(DATA Opens)
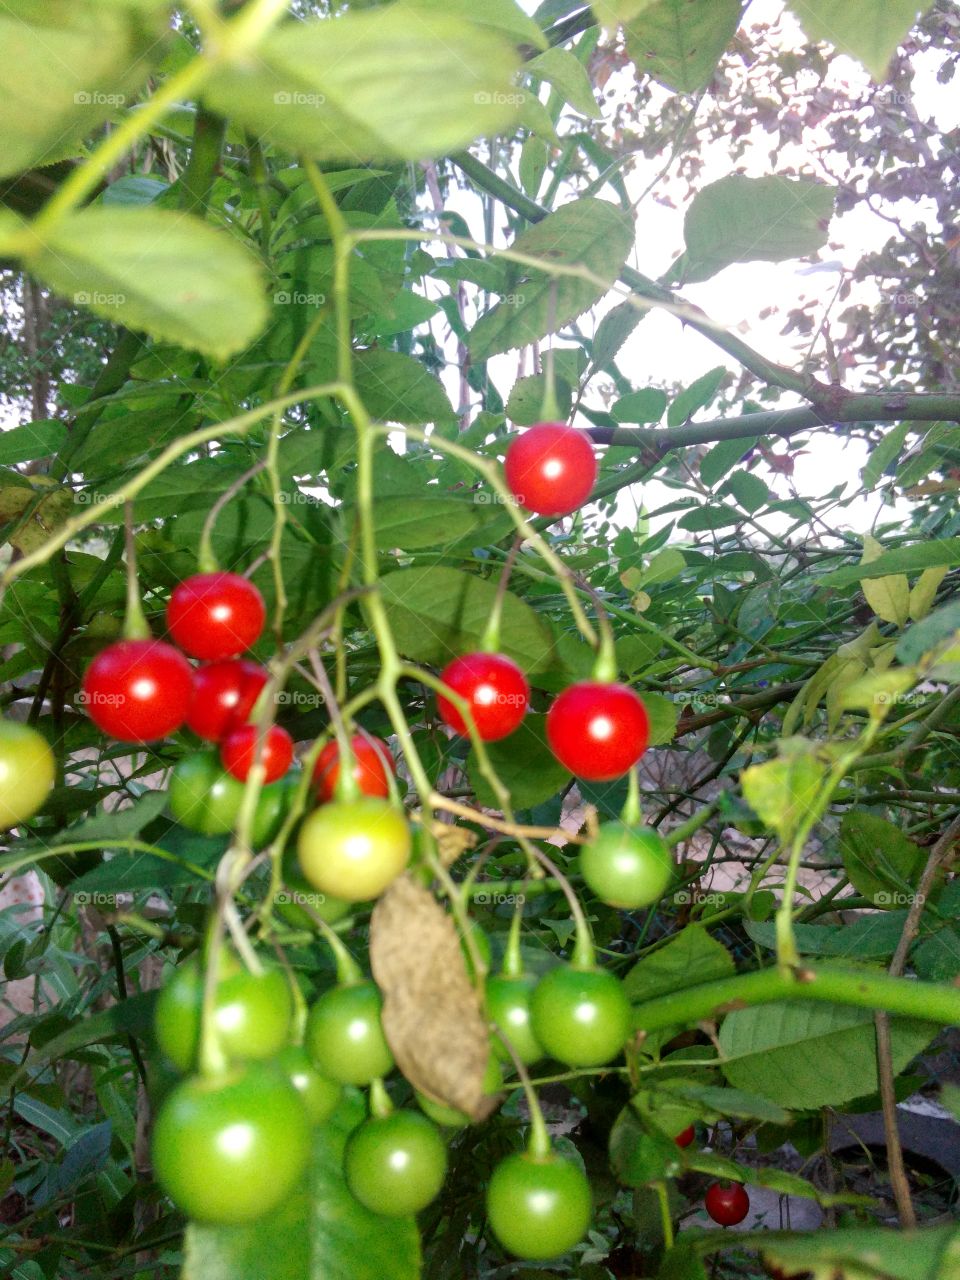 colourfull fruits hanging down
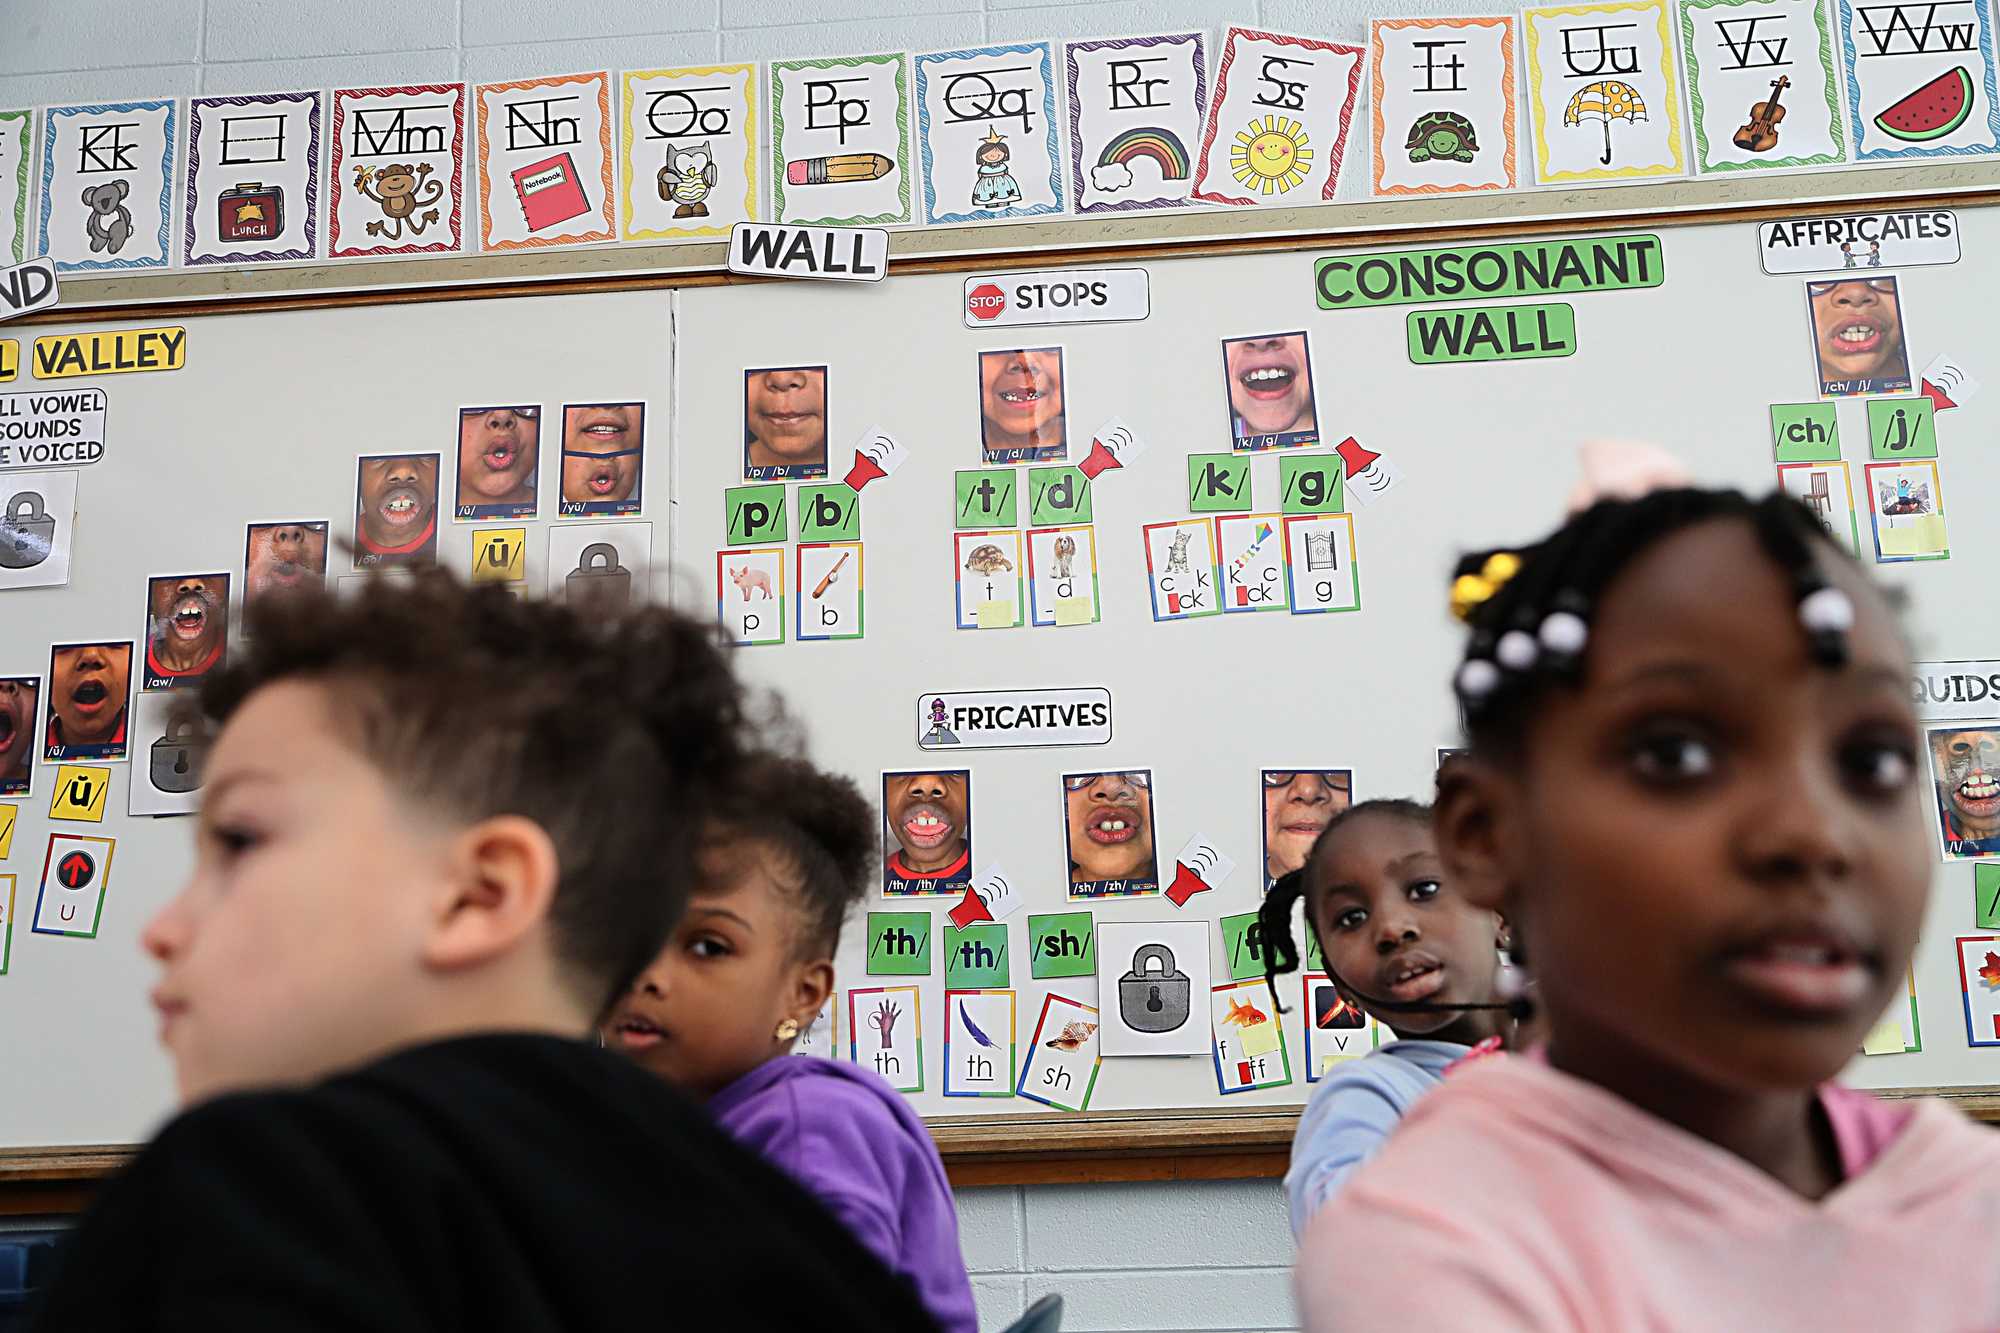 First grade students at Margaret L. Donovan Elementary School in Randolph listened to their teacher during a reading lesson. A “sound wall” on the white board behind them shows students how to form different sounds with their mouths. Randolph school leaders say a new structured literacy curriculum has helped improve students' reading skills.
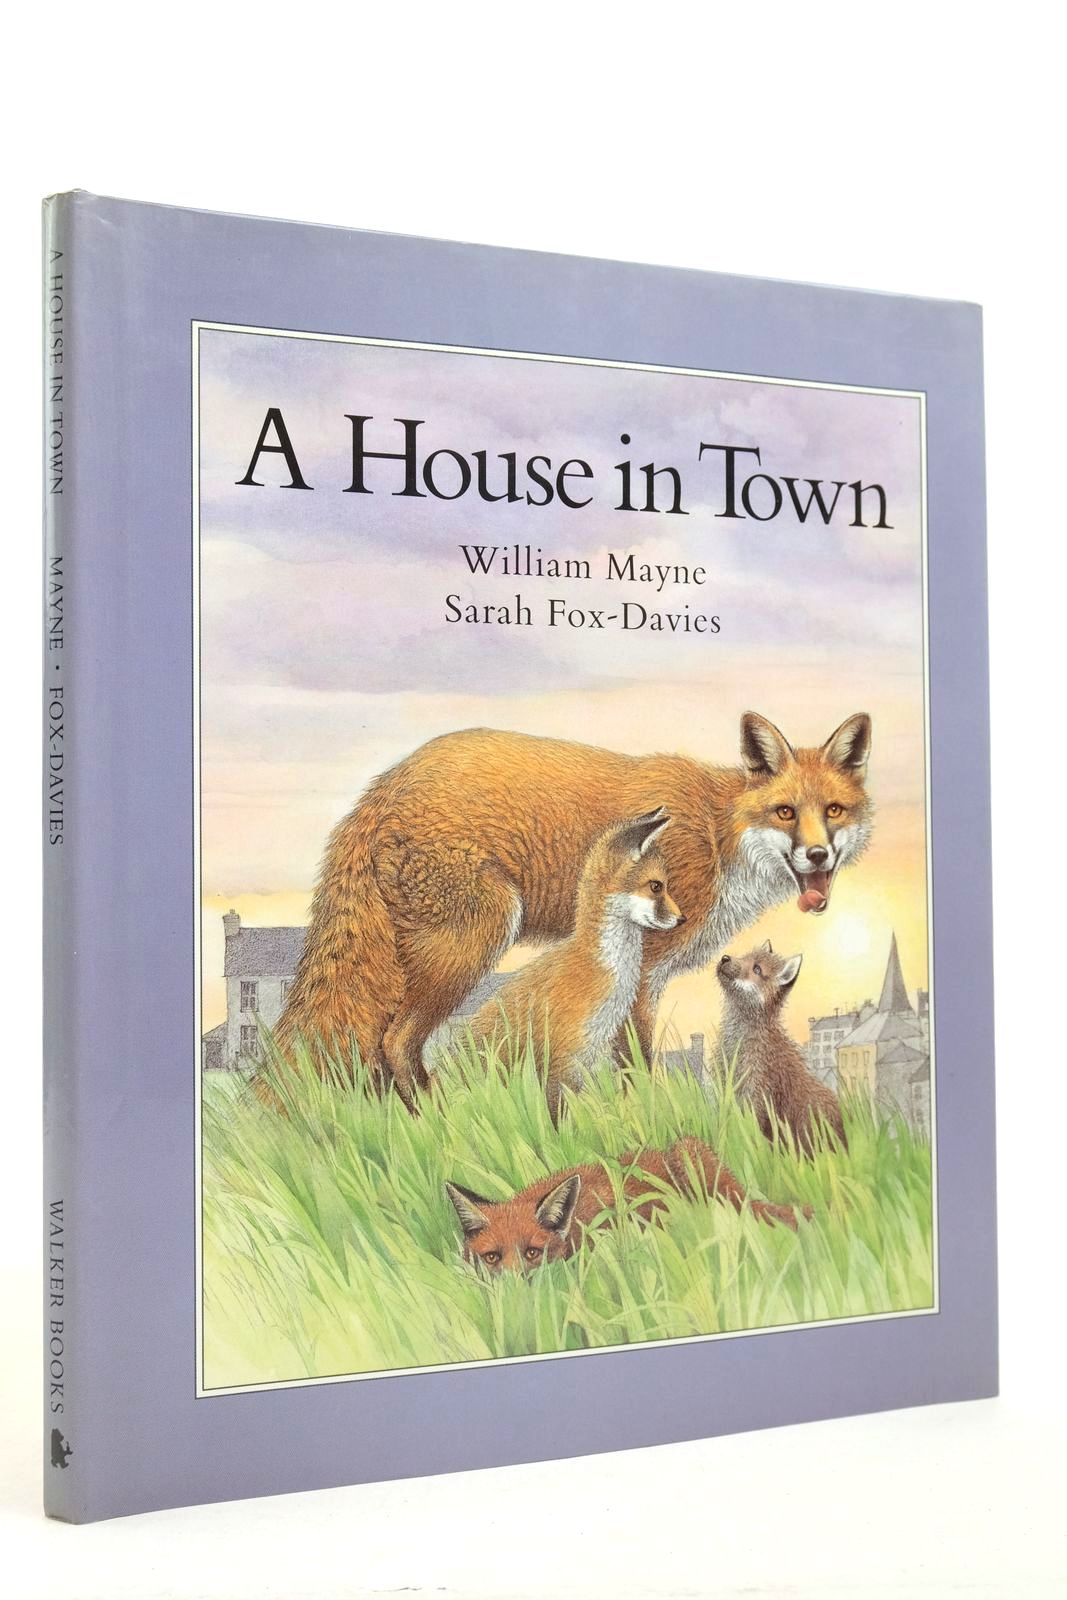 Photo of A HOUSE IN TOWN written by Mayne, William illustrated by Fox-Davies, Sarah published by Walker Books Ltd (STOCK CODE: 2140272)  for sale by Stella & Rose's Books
(DATA Closes)
* DESCRIPTION OF THE TASK *
To answer, repeat exactly the lines from the line containing "First grade students" through the last line of the data above, leaving out all pictures.

* TASK ANSWER *
 First grade students at Margaret L. Donovan Elementary School in Randolph listened to their teacher during a reading lesson. A “sound wall” on the white board behind them shows students how to form different sounds with their mouths. Randolph school leaders say a new structured literacy curriculum has helped improve students' reading skills.
 Photo of A HOUSE IN TOWN written by Mayne, William illustrated by Fox-Davies, Sarah published by Walker Books Ltd (STOCK CODE: 2140272)  for sale by Stella & Rose's Books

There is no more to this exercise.